In short, Wells argues that employers' rationale for cooperation is a mere subterfuge to undermine the workers' commitment to trade unionism and collective bargaining. He believes that his conclusion is "consistent with the view that such reforms are, in general, part of a trend toward non-union industrial relations in Canada and the United States."
Wells's alternative vision and suggestions are that the state should reinforce the power of unions in the workplace in the context of a perpetual adversarial relationship between labour and management. There are still plenty of segments of the mainline trade unions that believe this shopworn gospel of conflict. Fortunately, there are growing signs that others have turned a deaf ear to the pied pipers of traditional unionism and are prepared to experiment with more enlightened ideas and practices.

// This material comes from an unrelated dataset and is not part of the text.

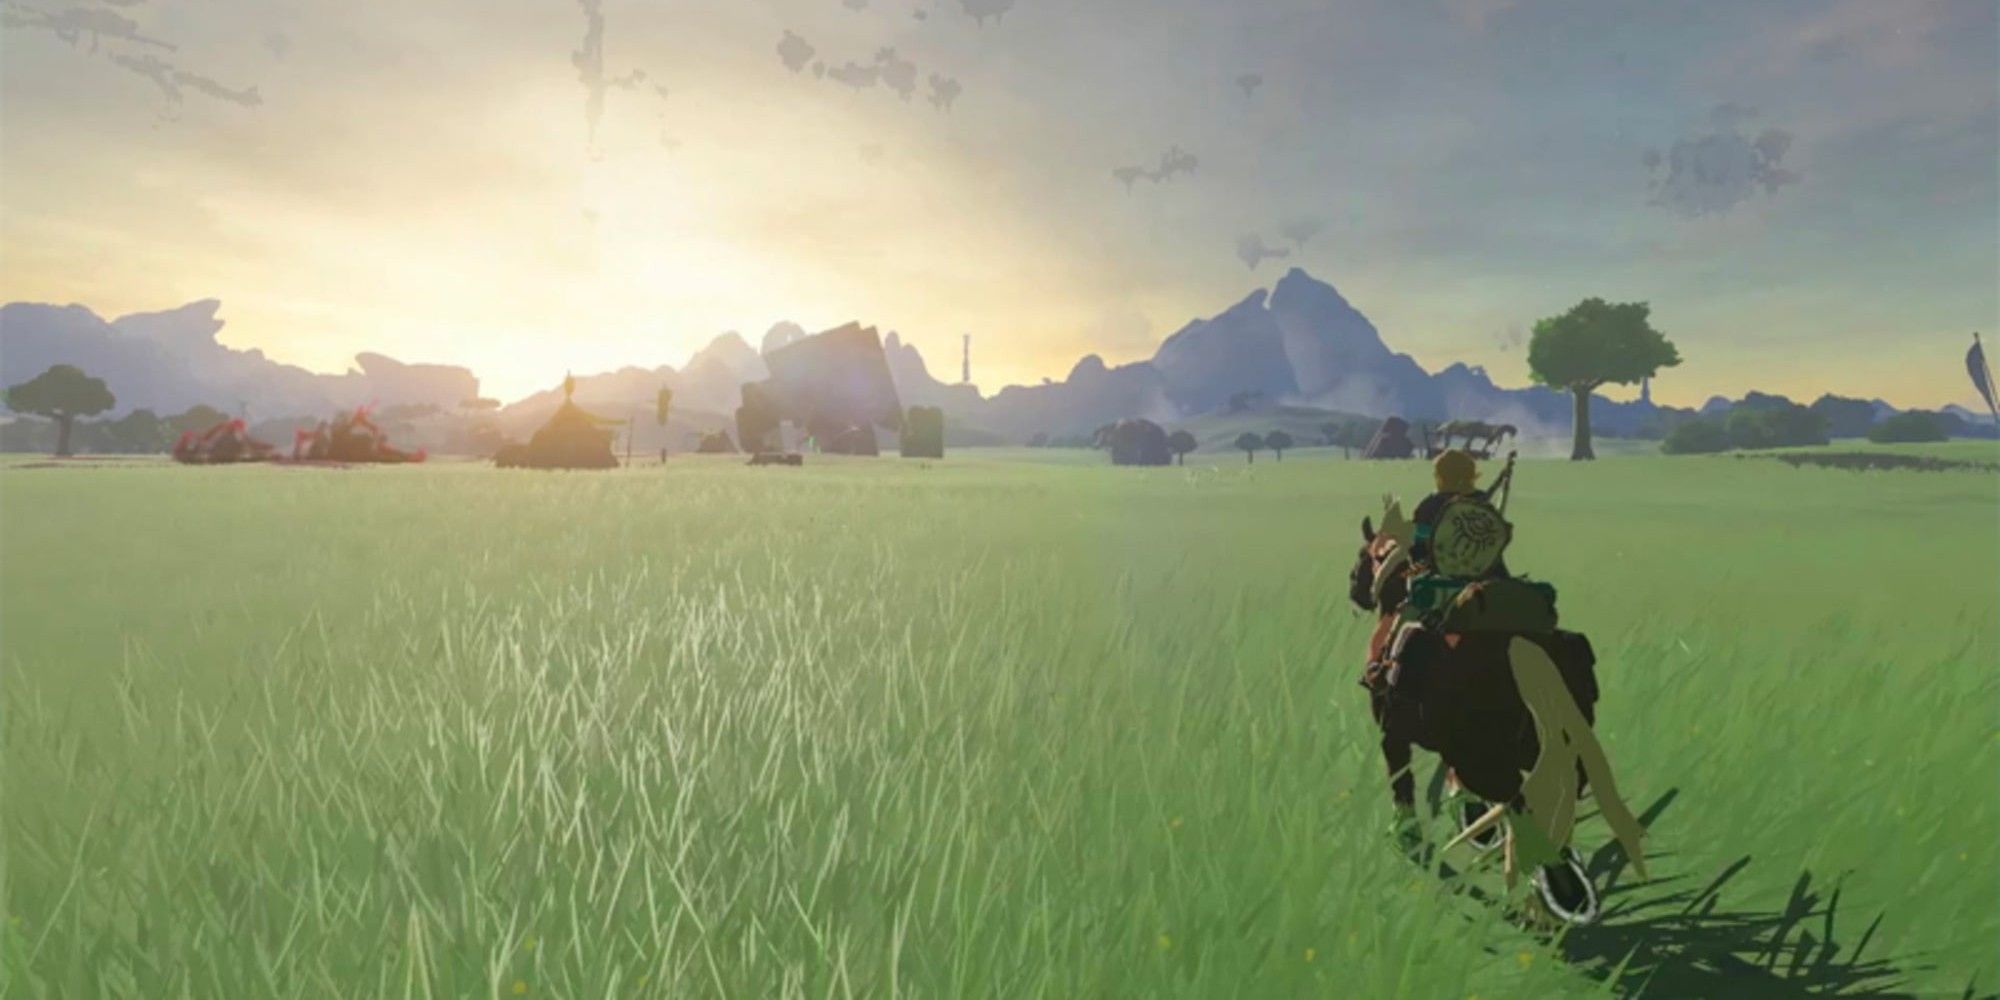 Link riding a horse through an open field of green grass with a sunset

What may come as a surprise to some is that even in the automobile industry, a traditional stronghold of adversarial labour management relations, significant changes in management style have been put into effect. Hard times in this industry have forced a serious rethinking of the traditional approach to labour-management relations.
All major carmakers are now working at turning labour relations around because they have come to realize that a sullen workforce will not produce top-notch quality automobiles. And there is a growing list of instances where cooperation between labour and management have helped to turn a troubled automobile plant around. In some cases, new plants or new production lines have started from scratch with remarkable results. The latest example is the Chrysler Canada assembly plant in Bramalea, Ontario where the new LH car is produced.
A turnaround at Chrysler
Only a few years ago Chrysler Corporation found itself on the brink of disaster. Faced with enormous losses, it undertook a hard-headed and painful series of successful restructuring moves. But even now it is confronted with immense difficulties because of lagging sales, intense competition, and the need for very costly investments in new technologies needed to boost production and quality.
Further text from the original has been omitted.